SUPPLIED DATA:
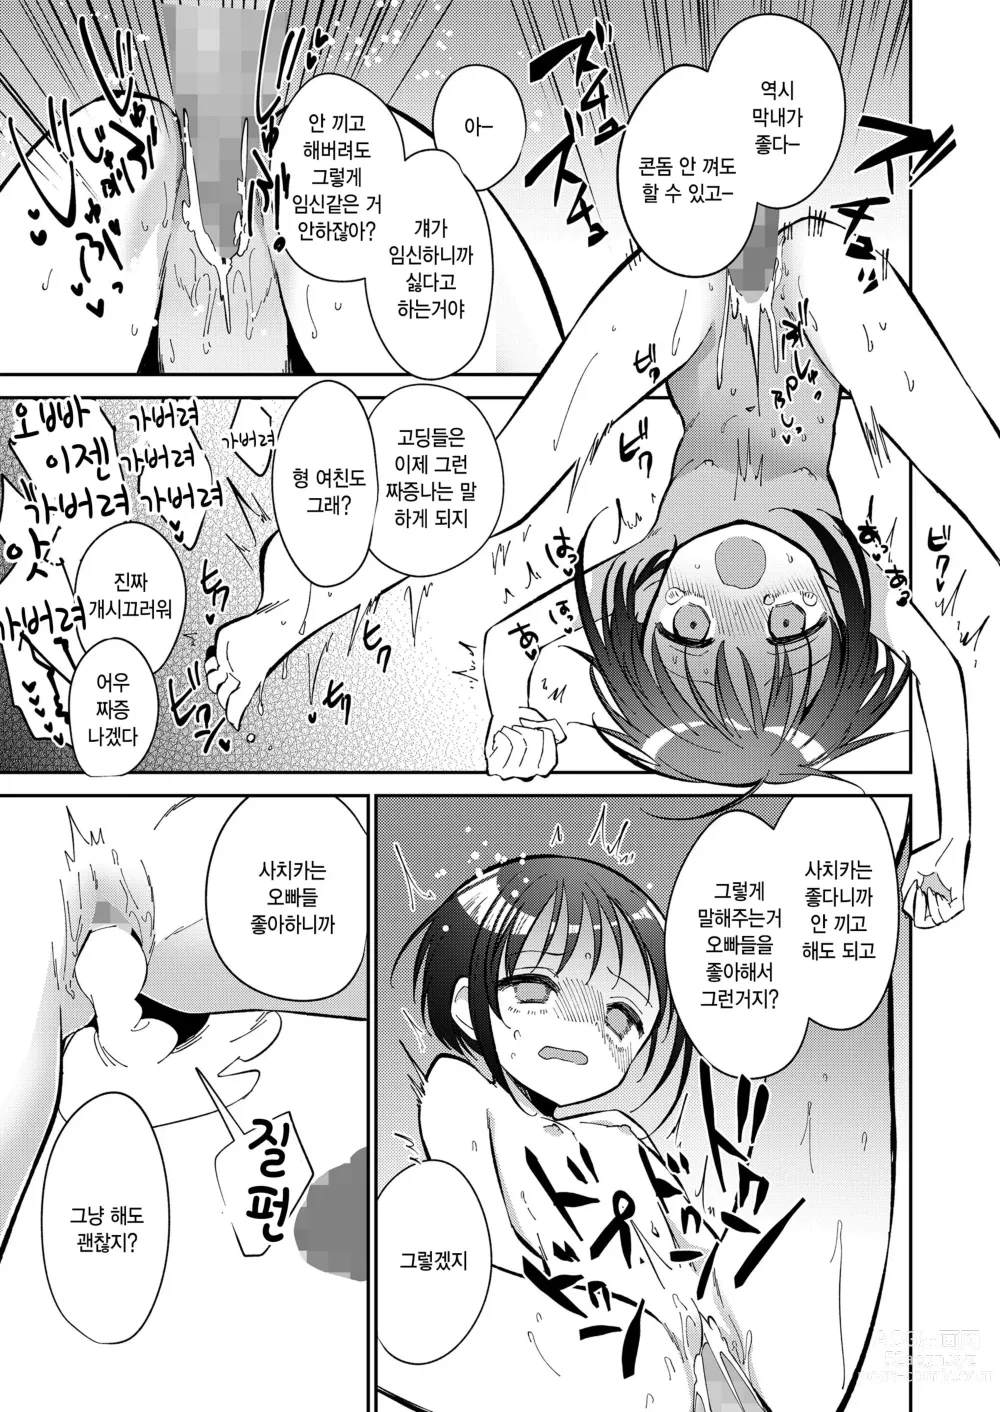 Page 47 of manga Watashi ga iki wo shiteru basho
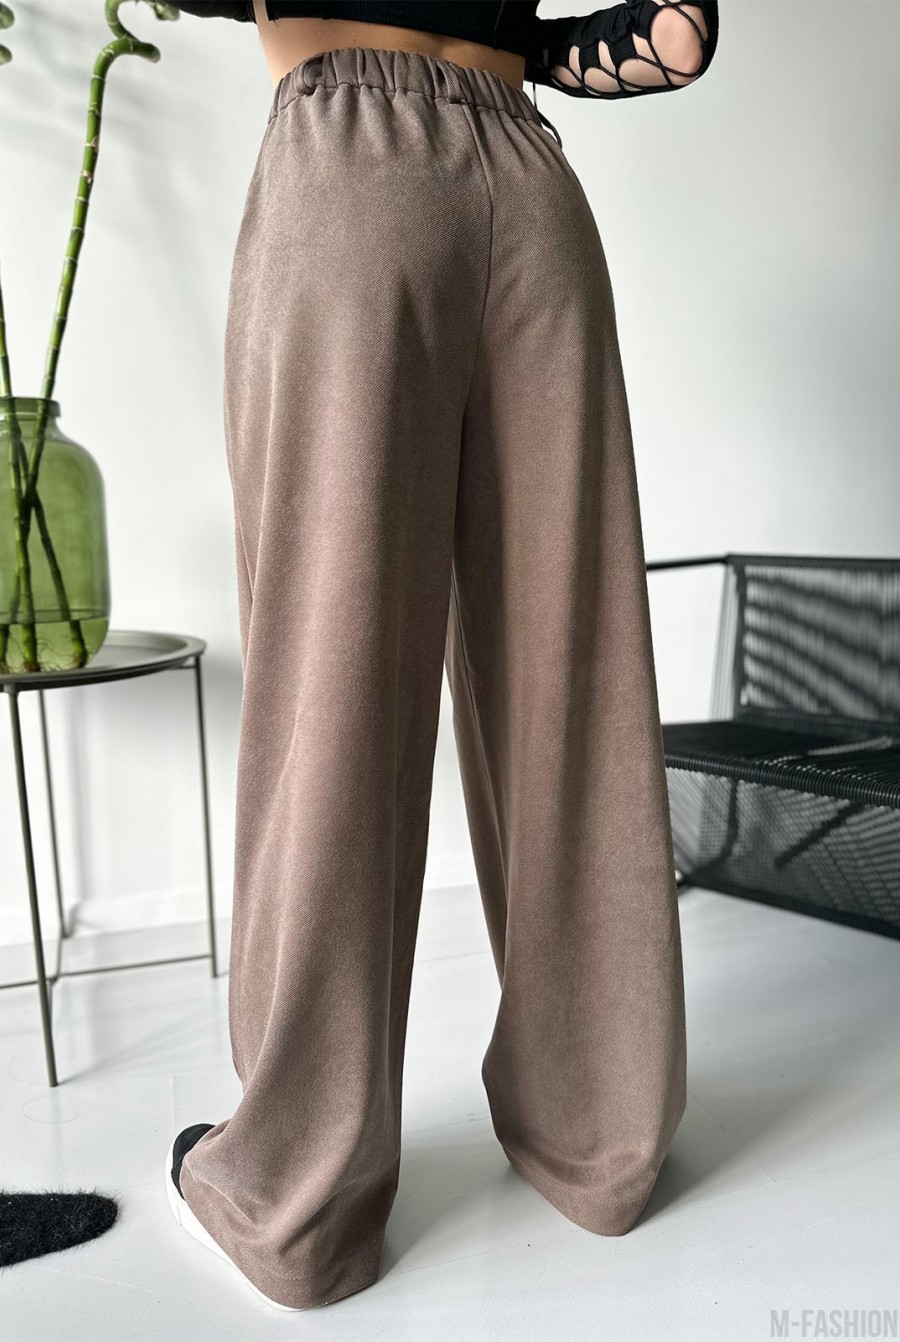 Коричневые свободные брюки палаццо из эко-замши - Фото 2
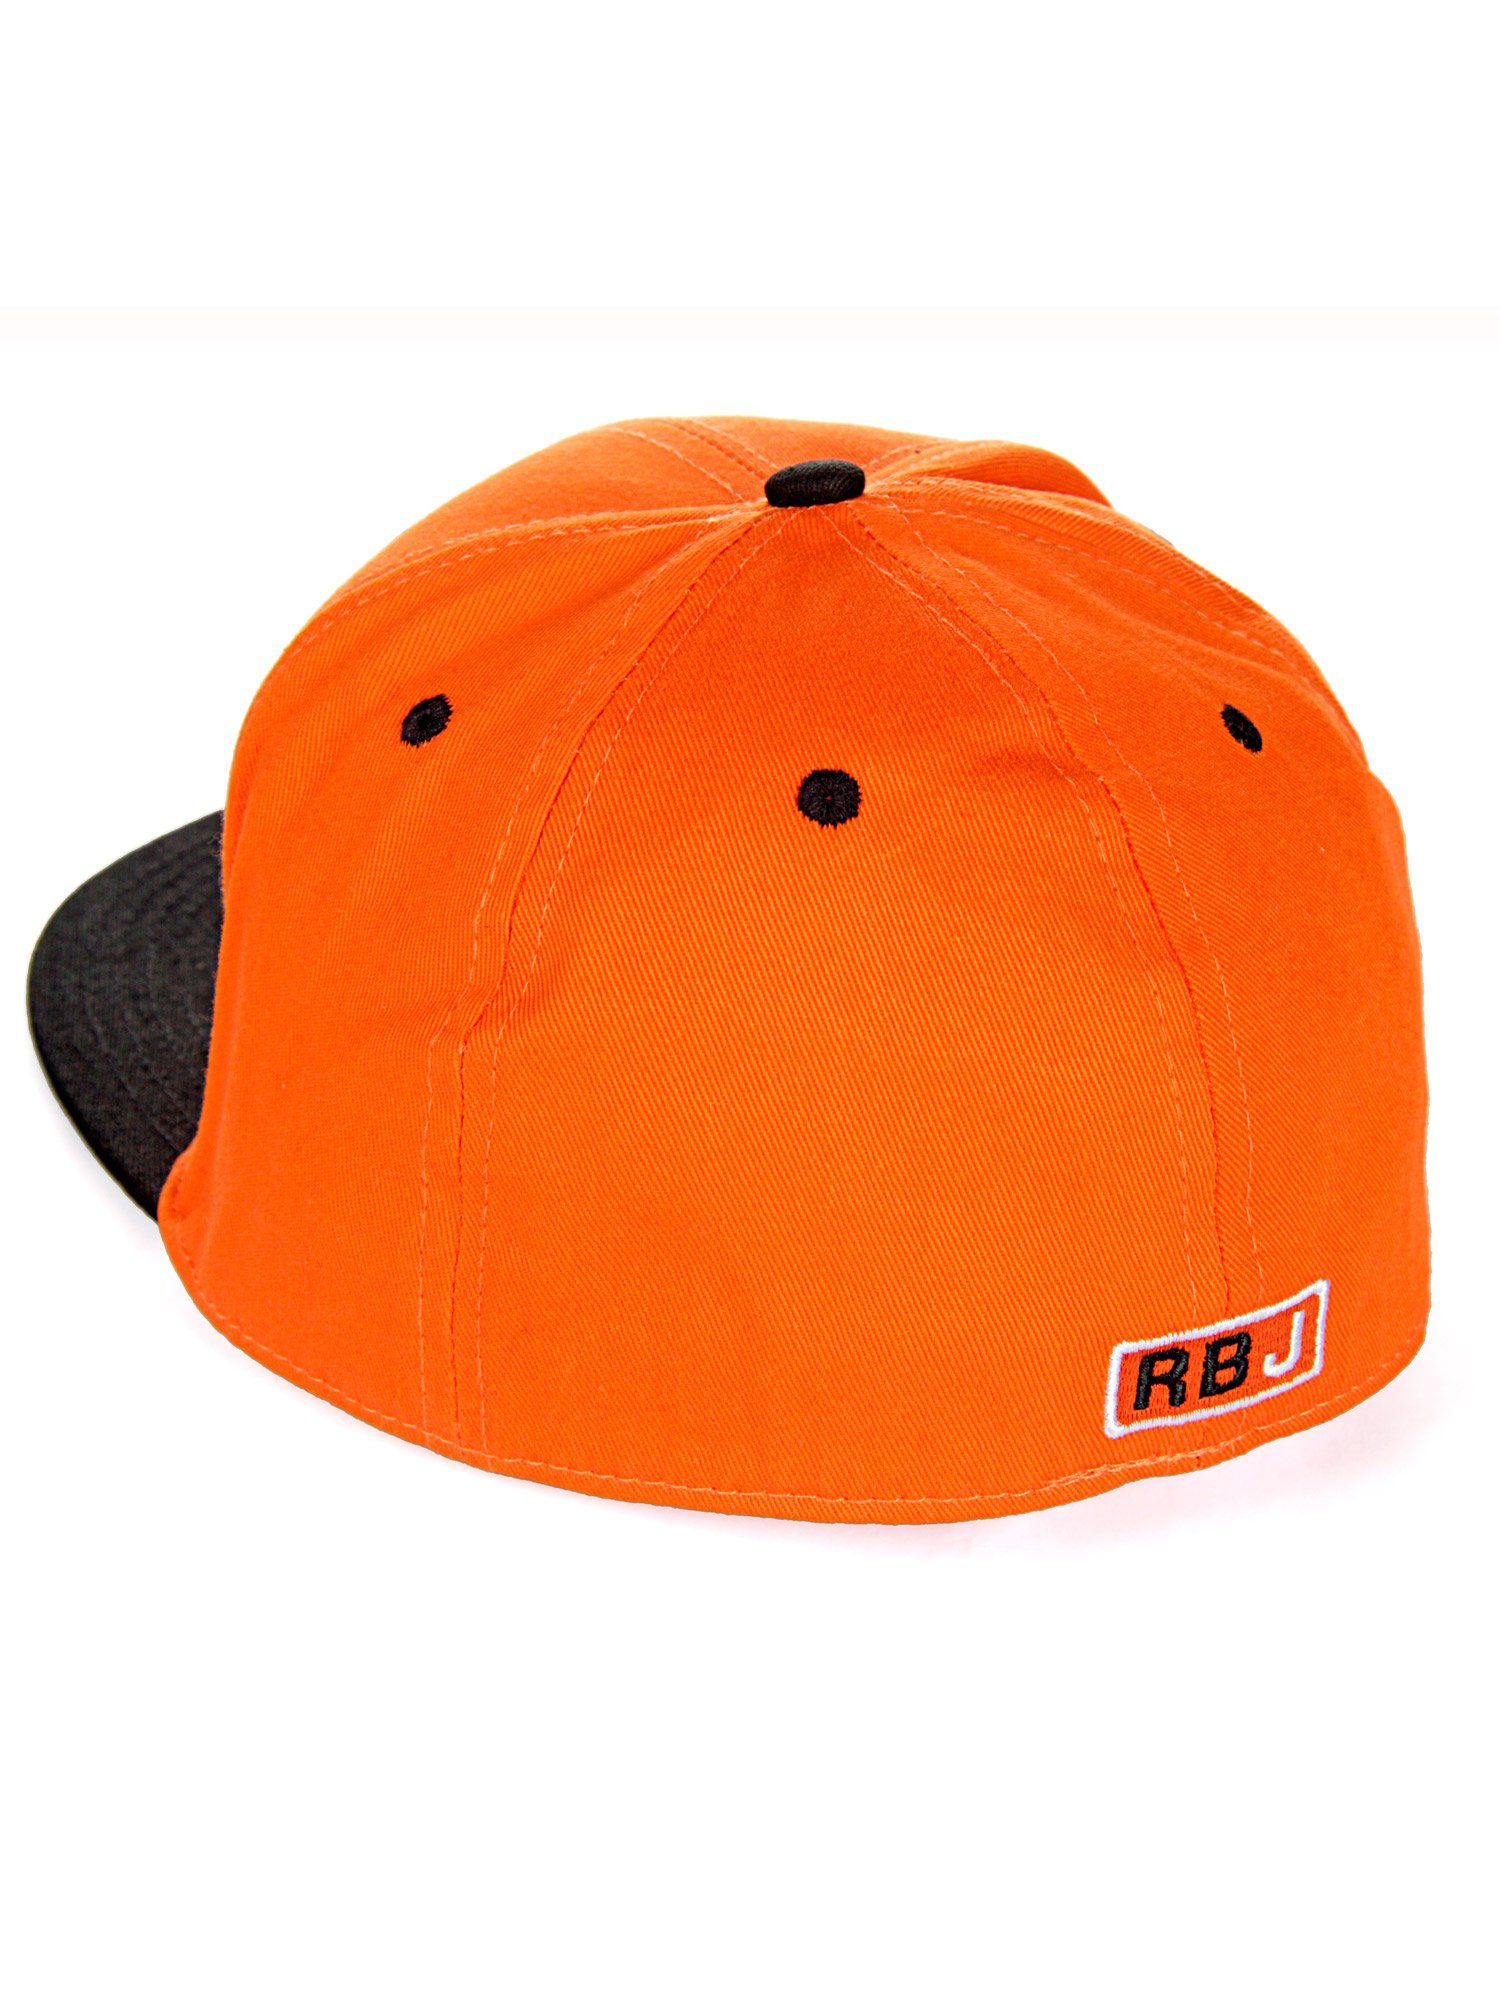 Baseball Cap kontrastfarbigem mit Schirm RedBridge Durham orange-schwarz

WHAT TO DO: Each line of the data above needs to be retyped as it is, without any picture.

SOLUTION FOR THIS TASK:
 Page 47 of manga Watashi ga iki wo shiteru basho
 Коричневые свободные брюки палаццо из эко-замши - Фото 2
 Baseball Cap kontrastfarbigem mit Schirm RedBridge Durham orange-schwarz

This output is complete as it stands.